BEGIN Supplied data

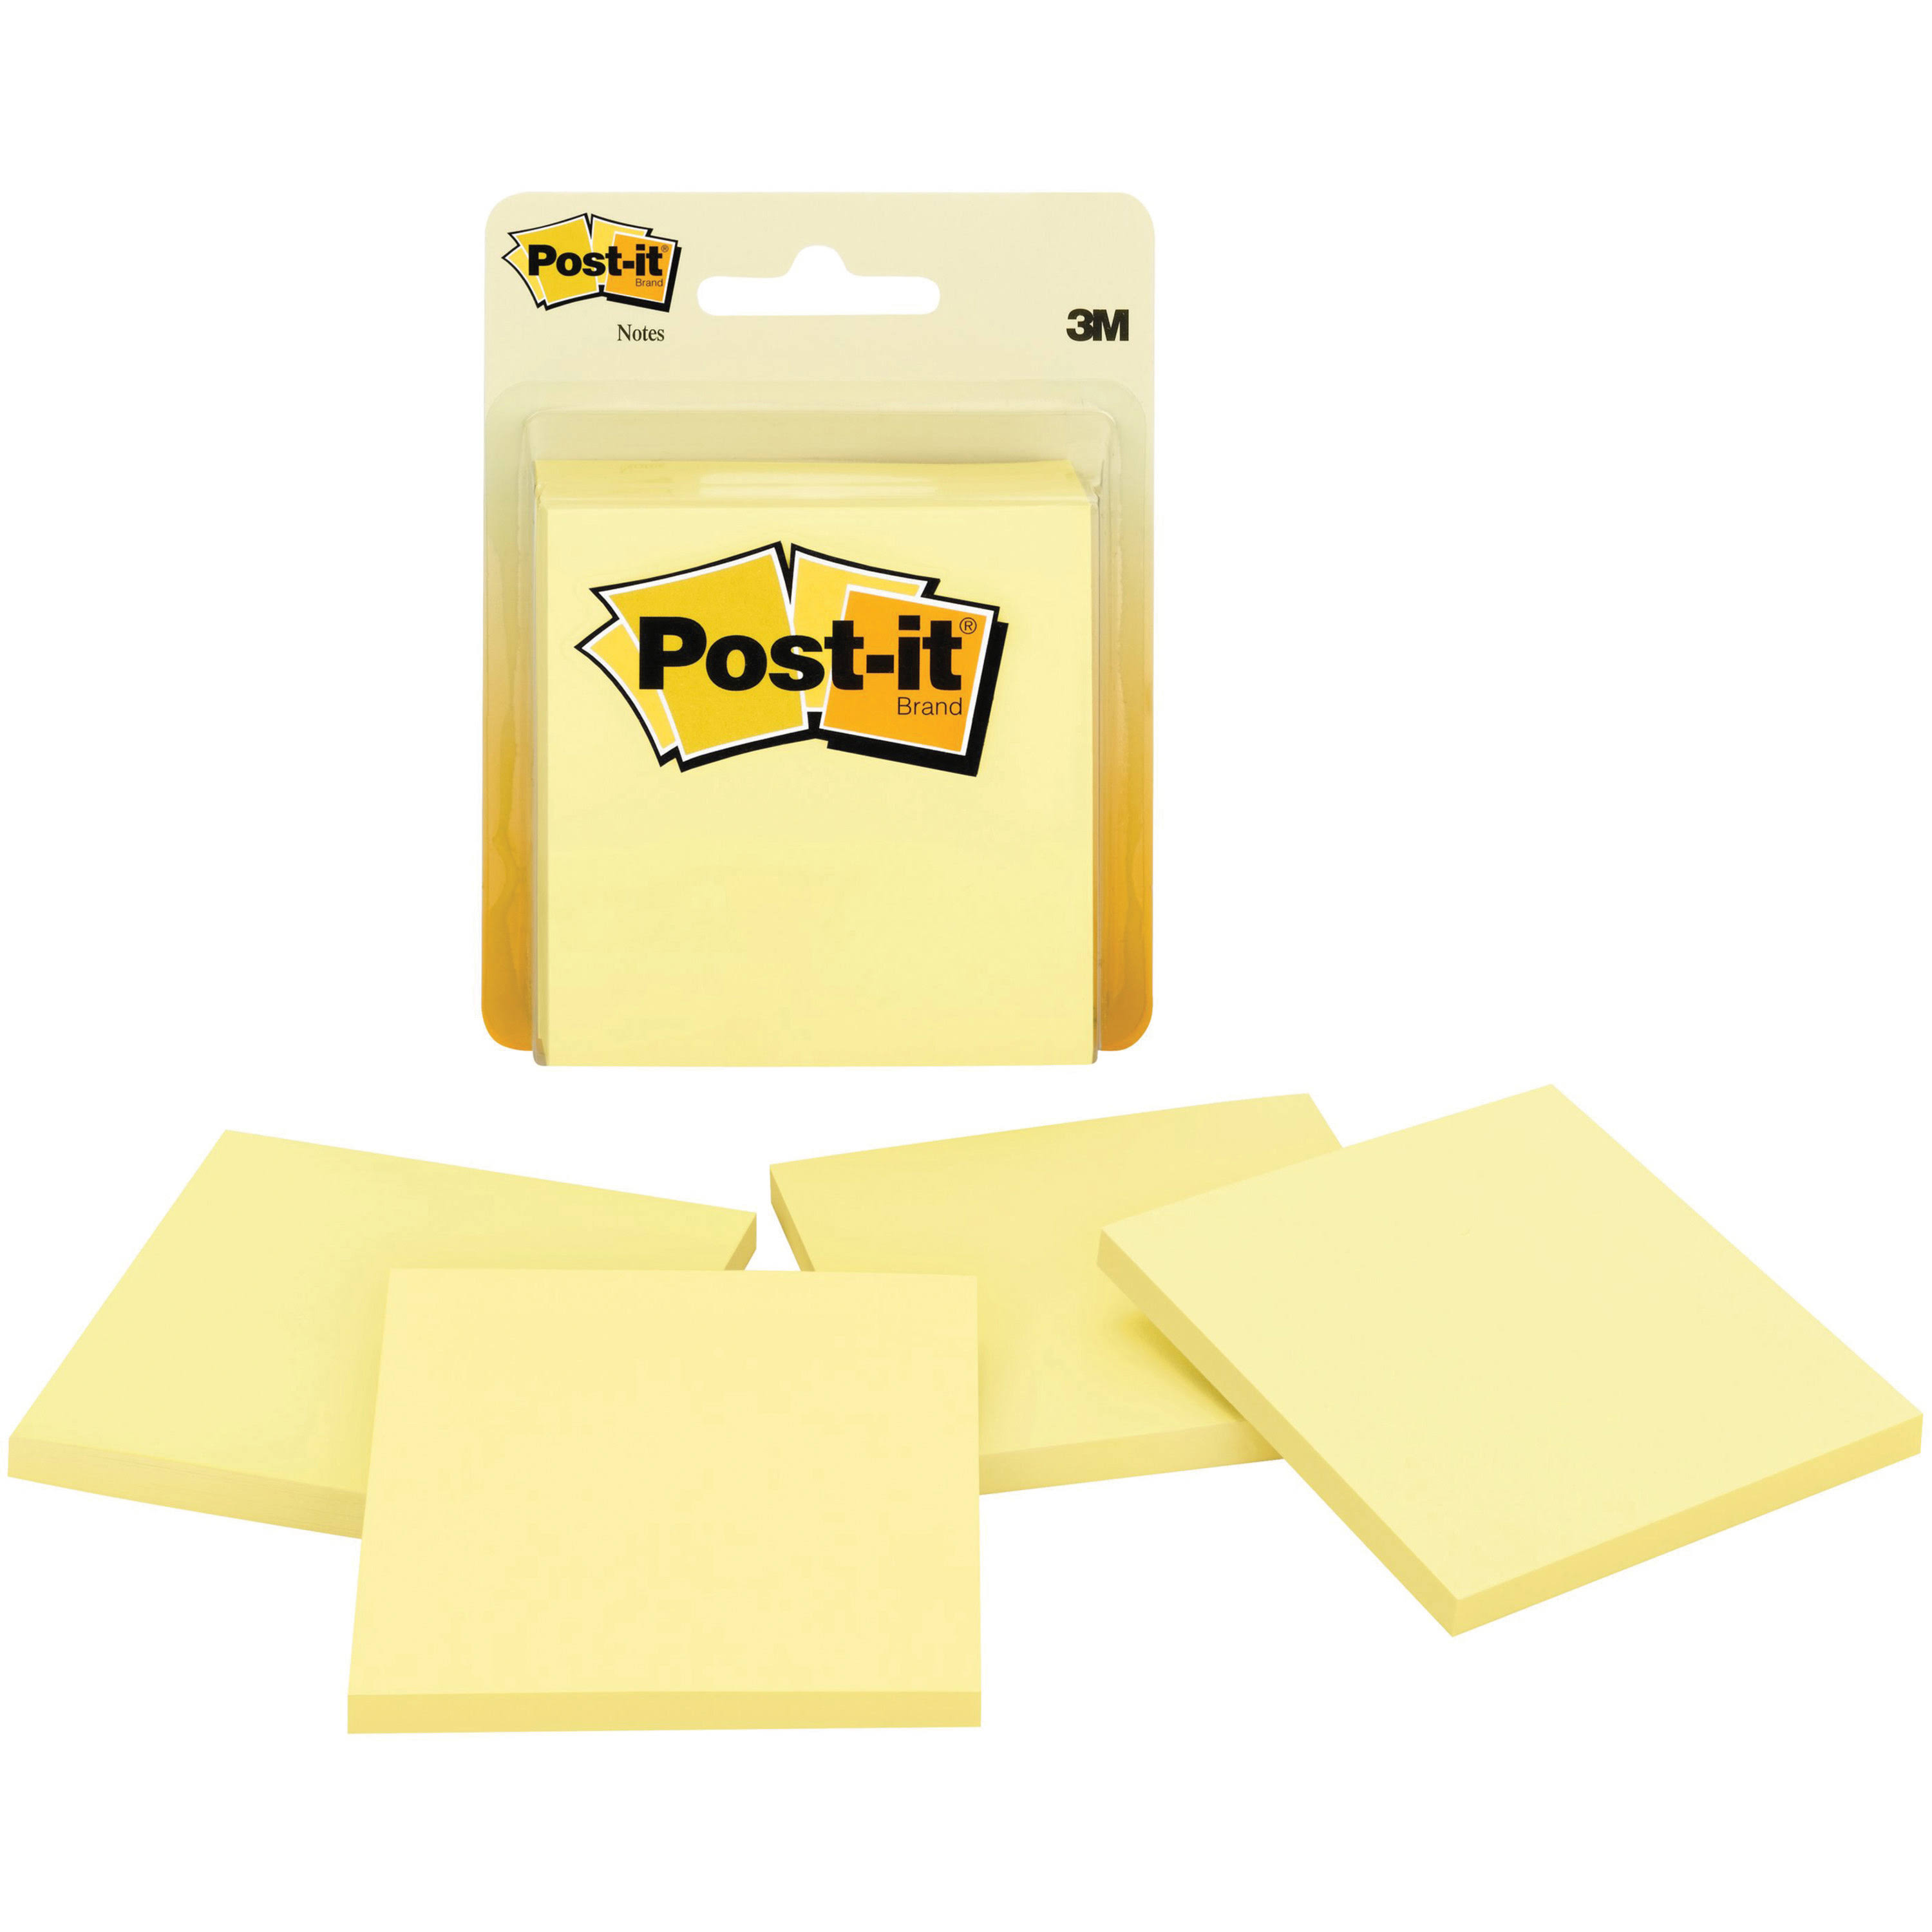 3M Post-It Notes - Yellow, 4 Pack
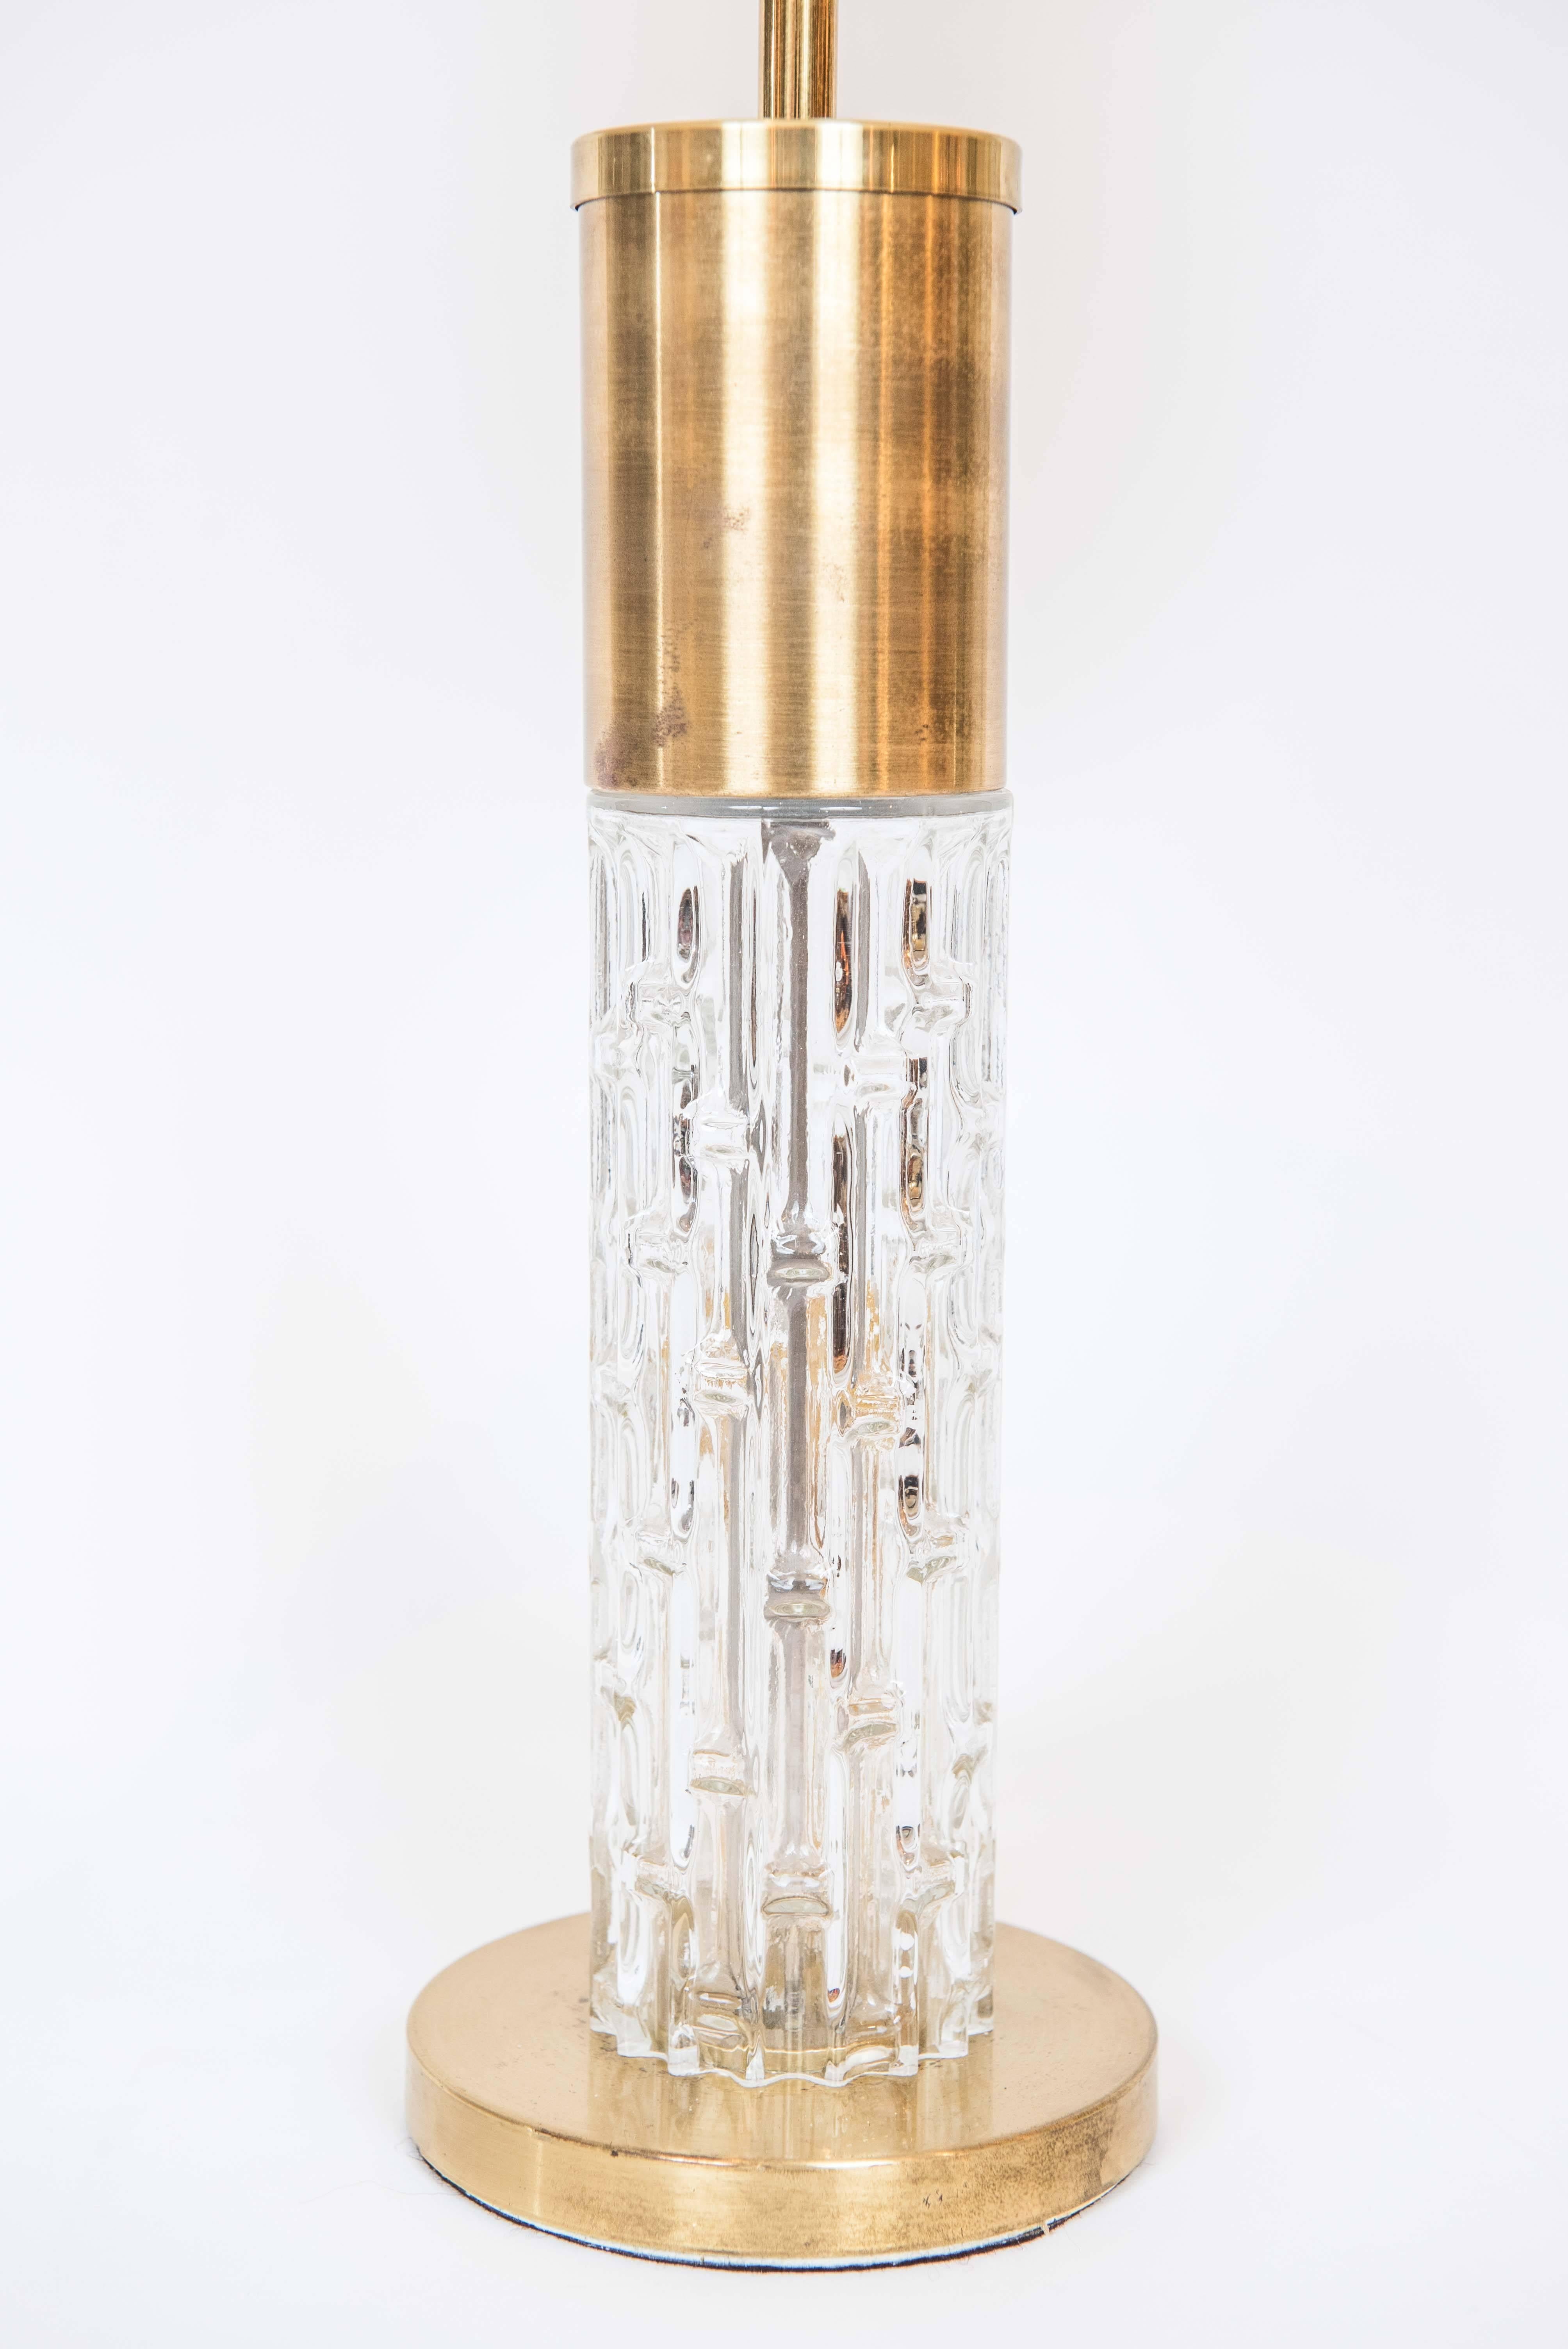 A fashionable pair of brass plated lamps with a stylish molded glass column.
The lamps have been updated with new sockets, wire, and shades.
Shades are optional. Overall height to the top of the shade is 27

END Supplied data

- Problem -
Retype the listing above exactly, please. Pictures do not belong in the copy.

- Answer below -
 3M Post-It Notes - Yellow, 4 Pack
 A fashionable pair of brass plated lamps with a stylish molded glass column.
The lamps have been updated with new sockets, wire, and shades.
Shades are optional. Overall height to the top of the shade is 27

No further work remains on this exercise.